Jane mentions that the only way to change the mindset of this materialistic world is by working with young people, but what do you all think? Can't the minds of older people be changed too?

Ysabel O.

This class is amazing! Listening to Jane speak from her heart is so touching!

Scott W.

'm majoring in television production at a community college in Nova Scotia, Canada. I've got a lot of life experience for a 42 year young man. My nine year old daughter seeks to pursue life as a veterinarian on account of my including her in my volunteer work at Hope For Wildlife a few years ago. Hope for Wildlife is a wildlife rehabilitation center that caters to an extremely wide array of raptors, birds of prey, small mammals, waterfowl, local felidae and canidae (bobcats, coyotes), reptiles and amphibians, several native species or even non native species blown in with storms. Occasionally, a member or two from the order chiroptera would come in needing assistance.

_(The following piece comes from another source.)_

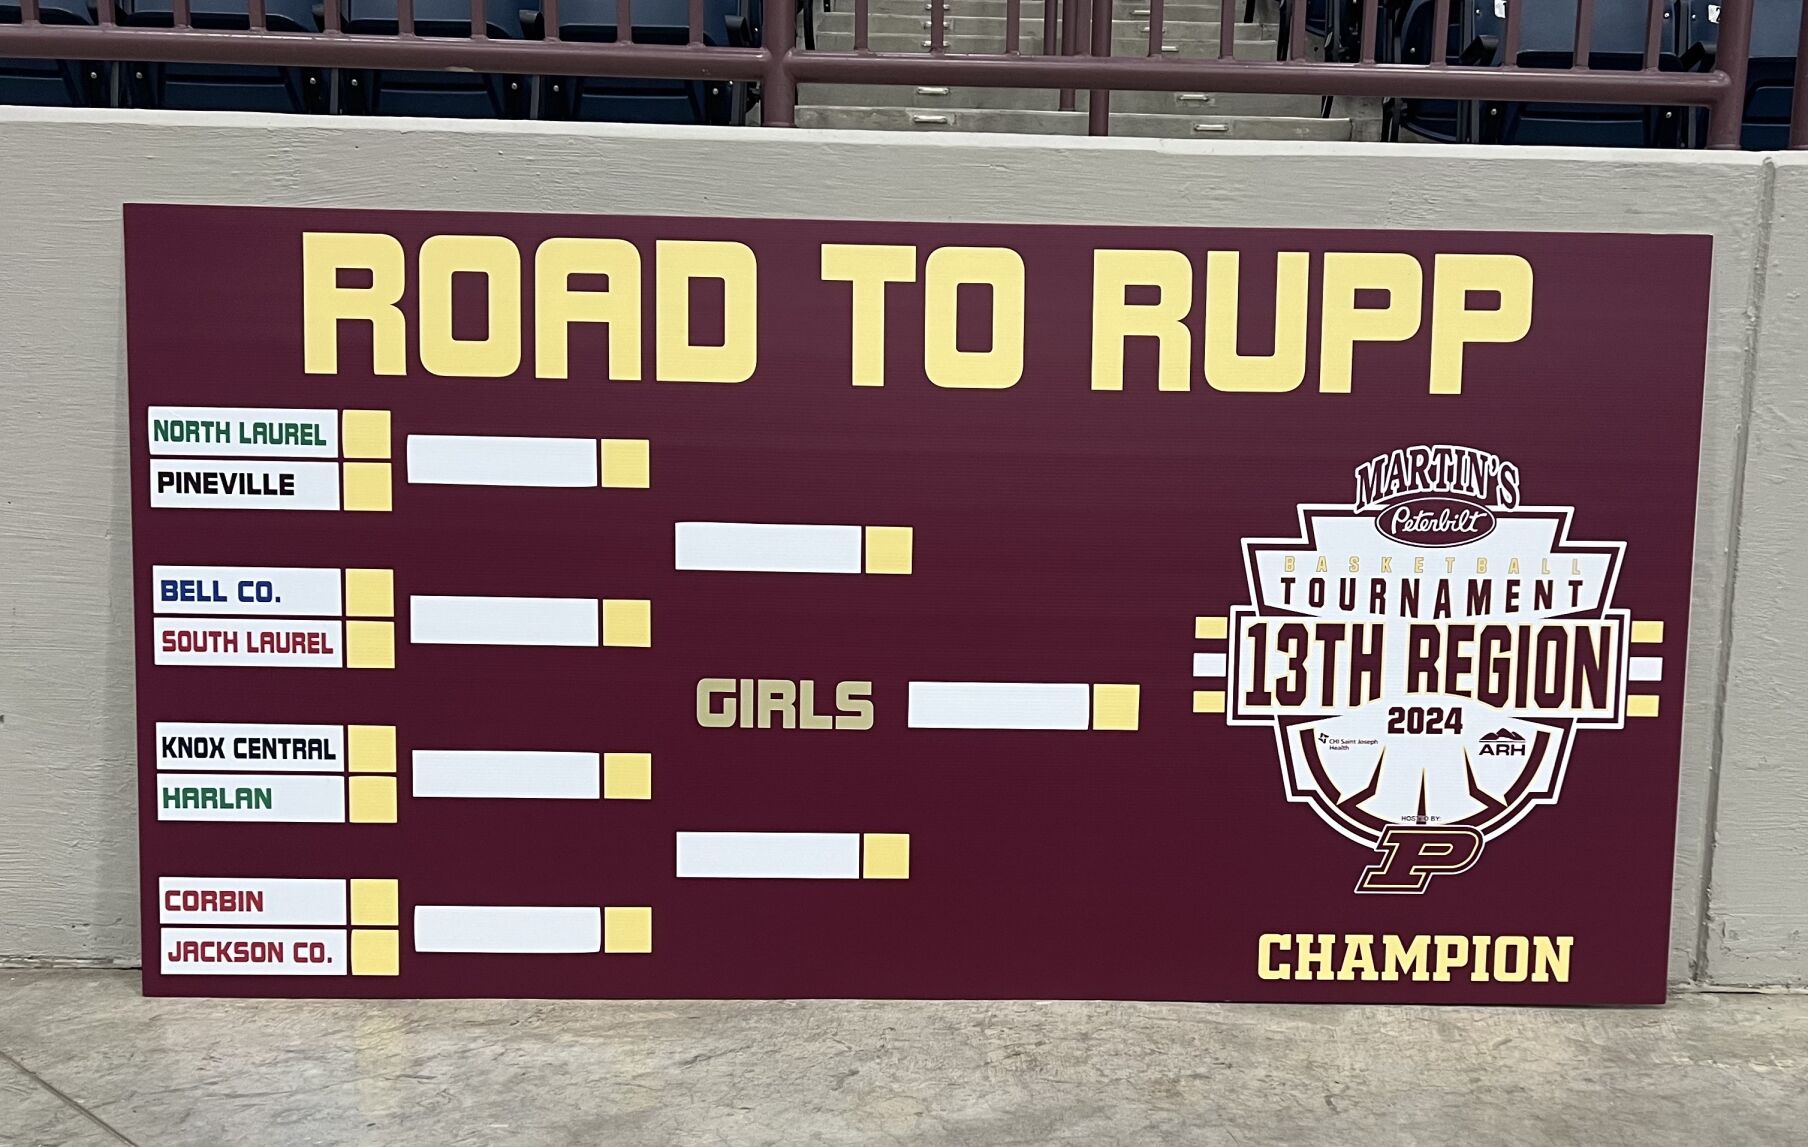 13th Region Girls’ Tournament at the Corbin Arena

My duties there included: assist in the animal's capture, safely contain (for human and creature sake), assist with treatment (while following instruction of those who know) as well as their maintenance and release. I suspect I know the latin names for around 60 species. Most of them reptilia from the boidae and pythonidae families. Not bragging, establishing my knowledge base. I can identify several species of snake by eye, and have survivals skills of a soldier (as I was once one). I've volunteered with Little Ray's Reptile Zoo, and also have experience in wildfire firefighting. I didn't put these experiences on my resume because I don't want anyone to be able to say I was doing it (volunteering at a wildlife rescue with a tv show), for attention. I was doing some background acting at the time, and didn't want anyone claiming I was anything less than authentic. Steve Irwin was and still is an inspiration to me, as is Dr. Goodall. I see this Masterclass lesson discussion, as opportunity to offer my skills to stop poaching. I have a valid passport and desperately seek to make some kind of significant difference in the world before my time expires on Earth. I want my children to bear witness to wild fauna in it's natural habitat. My resume as well as a list of skills learned, is at the bottom the main page of my website at wild77media.com Please let me know if/how I can be of benefit, service or assistance to stop illegal poaching.

Diana H.

I enjoy hearing her point of view as a scientist on the division of the clever mind and love and compassion of the heart. As we use up our own resources we want to take them from the developing world. Materialism and greed that divides us from the natural world our home on planet earth. Studies on the human brain show that one of the differences between humans and primates is our empathy. Hopefully we can master our greed with our compassion and our intelligence. Great class!

Gabriela L.

Those medical research that torture and kill chimps are just criminal. They should be legally prosecuted.

Gabriela L.

Those medical research that torture and kill chimps are just criminal. They should be legally prosecuted.